Question:
In this exercise one needs to determine the generalised coordinates. We have a pendulum in a magnetic field $B$. The pendulum rotates around its axis with an angular velocity $ω$ on the circle as shown in the picture below.

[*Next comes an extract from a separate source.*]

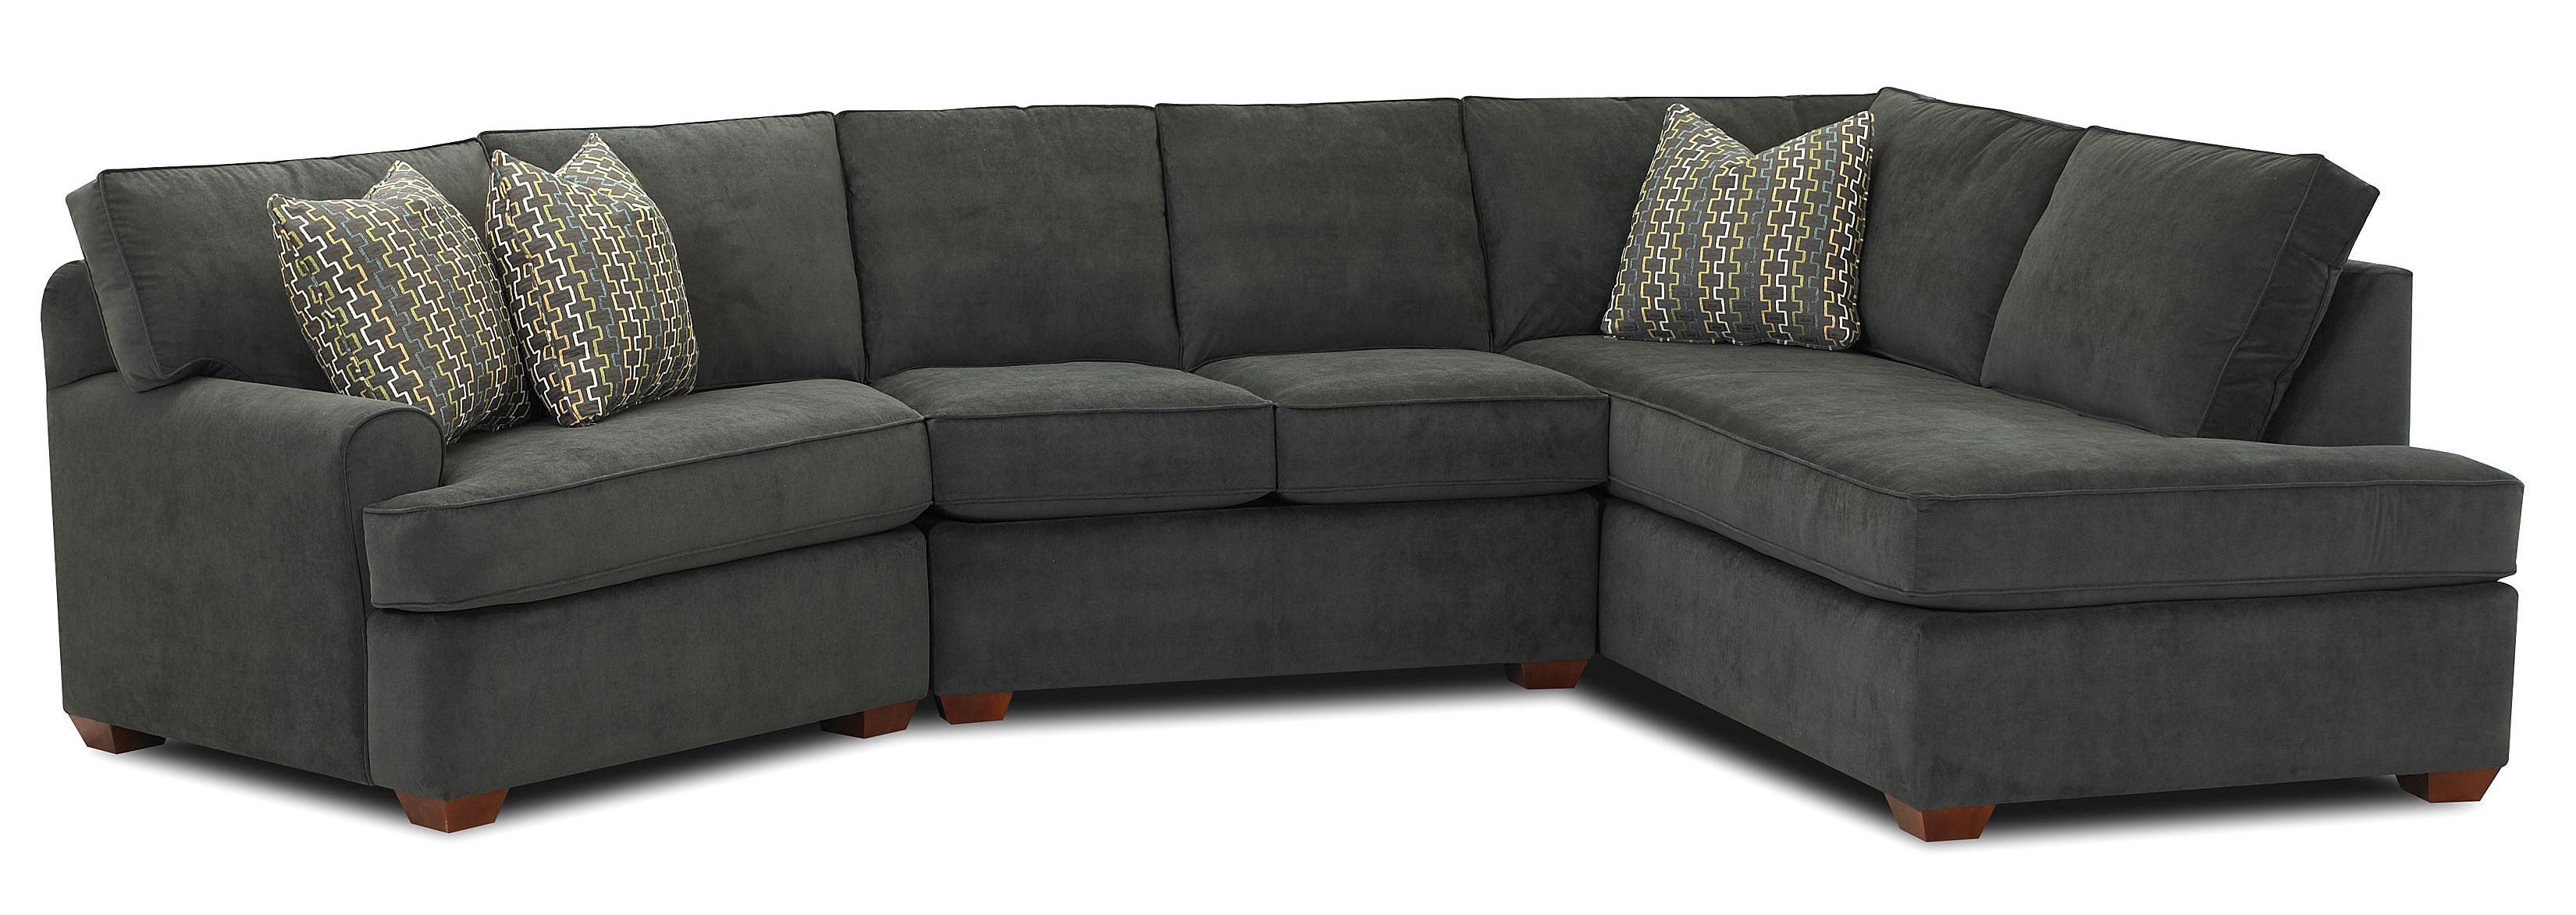 k54400l bc als r schs sectional sofa

The pendulum is attached in the point $z_0$ and the mass $m$ and charge $e$ attached on the pendulum is located on the tip of the pendulum.
My ansatz:
I only know that the degrees of freedom are given by $f=3N-k$. I thought, that there are $f$ generalised coordinates $𝑞_1,…,𝑞_𝑓$
which implies $f=5$ generalised coordinates and I have only one constraint: $|(√𝑥2+𝑦2)−𝑅𝑐𝑜𝑠(ψ)|=𝑅$
because $k=1$. I think that there should be only $f=2$ generalised coordinates $q_1$=ψ and $q_2$=Φ, but this would imply $N=1$ and therefore $k=0$ and I would loose the constraint.
What to do?
Best Answer
A point mass can move in 3D space towards $x~\,y~\,,z$
because the length of the rod $~L$ is constant , this give you one constraint equation:
$$ \left(\vec{R}-\vec{Z}_0\right)\cdot \left(\vec{R}-\vec{Z}_0\right)-L^2=0={x}^{2}+{y}^{2}+ \left( z-z_{{0}} \right) ^{2}-{L}^{2}\tag 1$$
with eq. (1) you can i.e. obtain $~z=z(x,y)$ thus you have two generalized coordinates $~x\,,y$
but you can choose other generalized coordinate i.e.
$$ \vec{R}\mapsto \begin{bmatrix} x \\ y \\ z \\ \end{bmatrix}=\left[ \begin {array}{c} L\sin \left( \alpha \right) \cos \left( \beta \right) \\ L\sin \left( \alpha \right) \sin \left( \beta \right) \\ L \left( 1-\cos \left( \alpha \right) \right) \end {array} \right] \tag 2$$
you can check that with eq. (2) and $z_0=L$ eq. (1) is fulfilled .
your generalized coordinate are now $~\alpha\,,\beta$
The EOM's are:
$$ \begin{bmatrix} \ddot{\alpha} \\ \ddot{\beta} \\ \end{bmatrix}=-\left[ \begin {array}{c} {\frac {g\sin \left( \alpha \right) }{L}}-\frac 12\,\sin \left( 2\,\alpha \right) {\omega}^{2}-\dot{\beta} \,\sin \left( 2\, \alpha \right) \omega-\frac 12\,{\dot{\beta} }^{2}\sin \left( 2\,\alpha \right) \\ -2\,{\frac {\sin \left( 2\,\alpha \right) \dot\alpha \,\omega}{-1+\cos \left( 2\,\alpha \right) }}-2\,{\frac {\sin \left( 2\,\alpha \right)\dot{\alpha} \,\dot{\beta} }{-1+\cos \left( 2\,\alpha \right) }}\end {array} \right]$$